In once again throwing their hat into the sociopolitical fray, Nexus Mods has announced that a user who uploaded a gender-swapping mod for Baldur’s Gate 3‘s Dame Alyin has received an lifetime ban and had their work removed after the site’s administration found said mod to be antithetical to their operating principals of “diversity” and “inclusivity”.
First uploaded to the site on December 3rd by the now-banned user Yedlike, the mod at the center of Nexus Mods’ latest controversy, ‘Ser Aylin’, presented players with a “reimagining” of the recently-released Larian Studios title’s ‘Find the Nightsong’ questline centering around the titular aasimar warrior.
In the quest’s original presentation, the player finds themselves hired to track down the titular ‘Nightsong’, an ancient relic supposedly surging with the appropriately awesome power over the concepts of life and death.
However, through the course of the adventure, it is eventually discovered that the Nightsong is not an object, but rather Dame Alyin, a member of the angelic aasimar race who has been imprisoned by the villainous Sword Coast cult leader Ketheric Thorm in order to allow him to forcefully sap and share in her genetically-gifted immortality.

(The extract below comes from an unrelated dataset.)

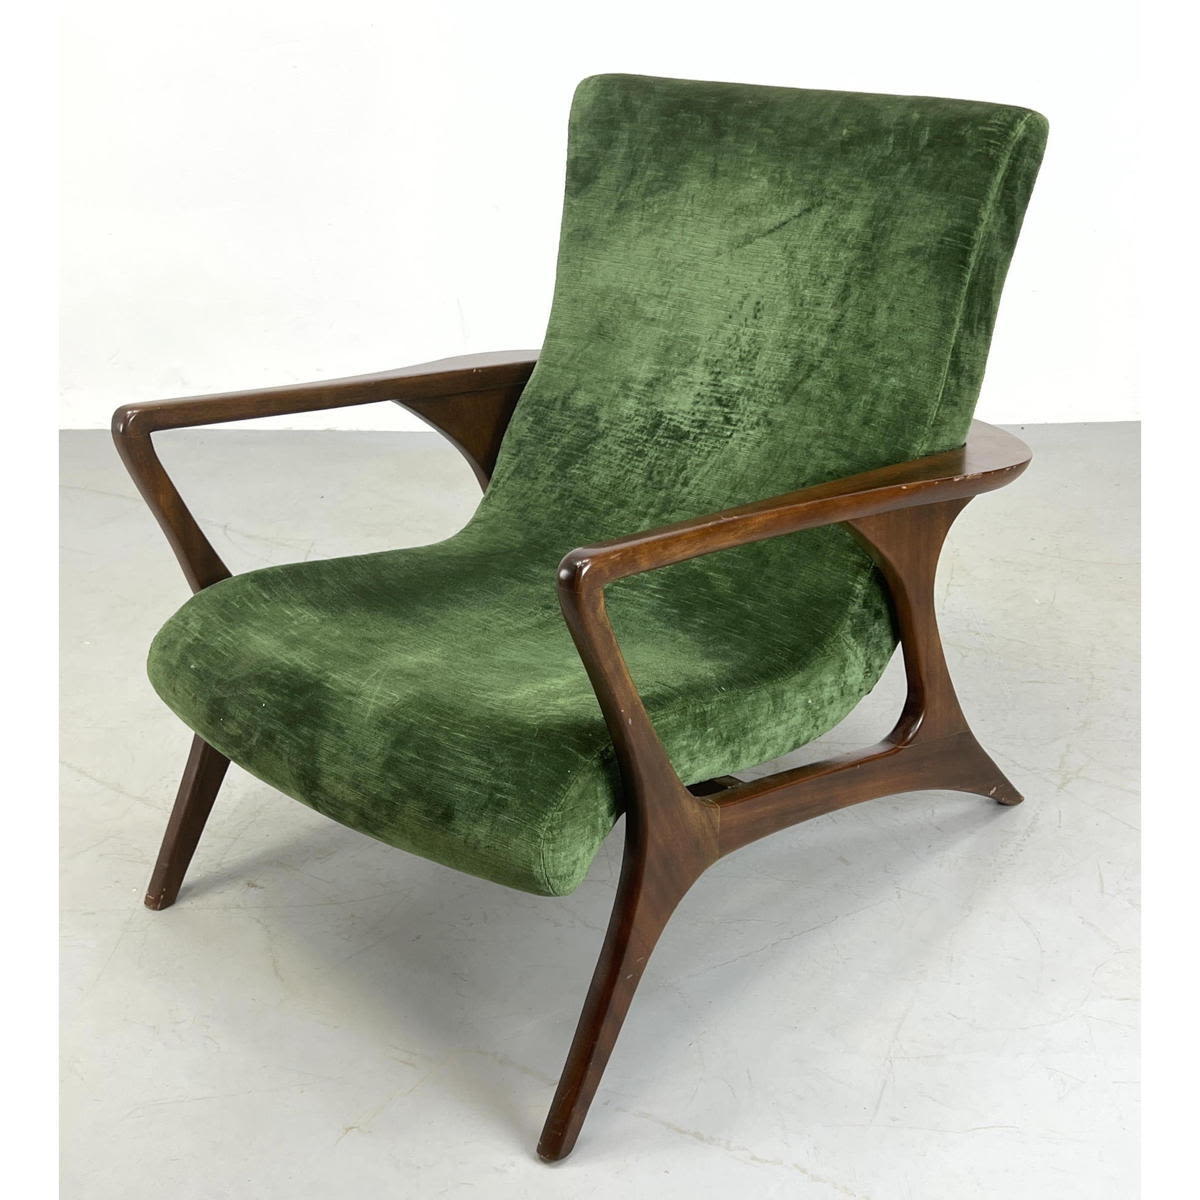 Vladimir Kagan Lounge Chair. Green

Should a player choose to rescue Dame Alyin and follow her story, they will eventually make the acquaintance of Isobel, a Half-Elf Cleric whose current duty sees her using her magics to keep the Last Light Inn a bastion of safety amongst the ever-present miasma of the shadow curse.
And if a player manages to keep ‘the Nightsong’ alive throughout the entirety of the quest – and meet a myriad of other conditions, which to the game’s credit are far too numerous to list out in this brief article – at its conclusion, they will eventually be met with the revelation that in addition to being partners in the fight against Thorm, Dame Alyin and Isobel are also partners in life, having begun a romantic relationship sometime prior to their meeting with the player.
However, should players choose to voluntarily download and install the Ser Aylin mod, rather than the original ‘Dame’ incarnation of the heroine, they will instead fight to save “Ser Aylin, a slightly more polite and male version of Dame Aylin.”
Part of a larger ‘No Alphabet‘ mod pack which aims to ensure “that the gender and sexuality of world NPCs match medieval status quo”, Yedlike explained of Ser Aylin, “This is mod gives you a fully immersive male version of Dame Aylin. Portraits, subtitles, voice and how other characters respond to this Ser Aylin have been altered to match.”
Closing out their description by taking a brief aside to praise Larian Studio’s original presentation, the modder urged users, “Helen Keiley’s performance was really good, so I do recommend you to experience her performance unmodded, if you haven’t already!”
However, just hours after the mod was uploaded to Nexus Mods – and after a post on the unofficial /r/BaldursGate3 subreddit accused that Ser Aylin was not “about realism and it’s actually just about [the developers of the ‘No Alphabet’ pack’s] hatred of queer people” went semi-viral – the site announced that “Yedlike has been banned from Nexus Mods for violating our community rules.”
“This appears to be a throwaway account created to upload a mod that attempts to skirt our community guidelines,” explained the site’s administration of their decision. “The mod in question appears to reduce diversity in Baldur’s Gate 3 by taking a same-sex couple and swapping the gender of one of the partners to make them heterosexual.”
The site then repeated the mantra, “We are for inclusivity, we are for diversity. If we think someone is uploading a mod on our site with the intent to deliberately be against inclusivity and/or diversity then we will take action against it. The same goes for people attempting to troll other users with mods deliberately to cause a rise.”
“We aren’t the authority on what users can and cannot mod,” the site ultimately concluded. “Us removing a mod only means it cannot be found at Nexus Mods, nothing more, nothing less. As a private business, we have a right to choose what content we do and do not want to host on our platform. Respect this right the same way you want respect for your rights.”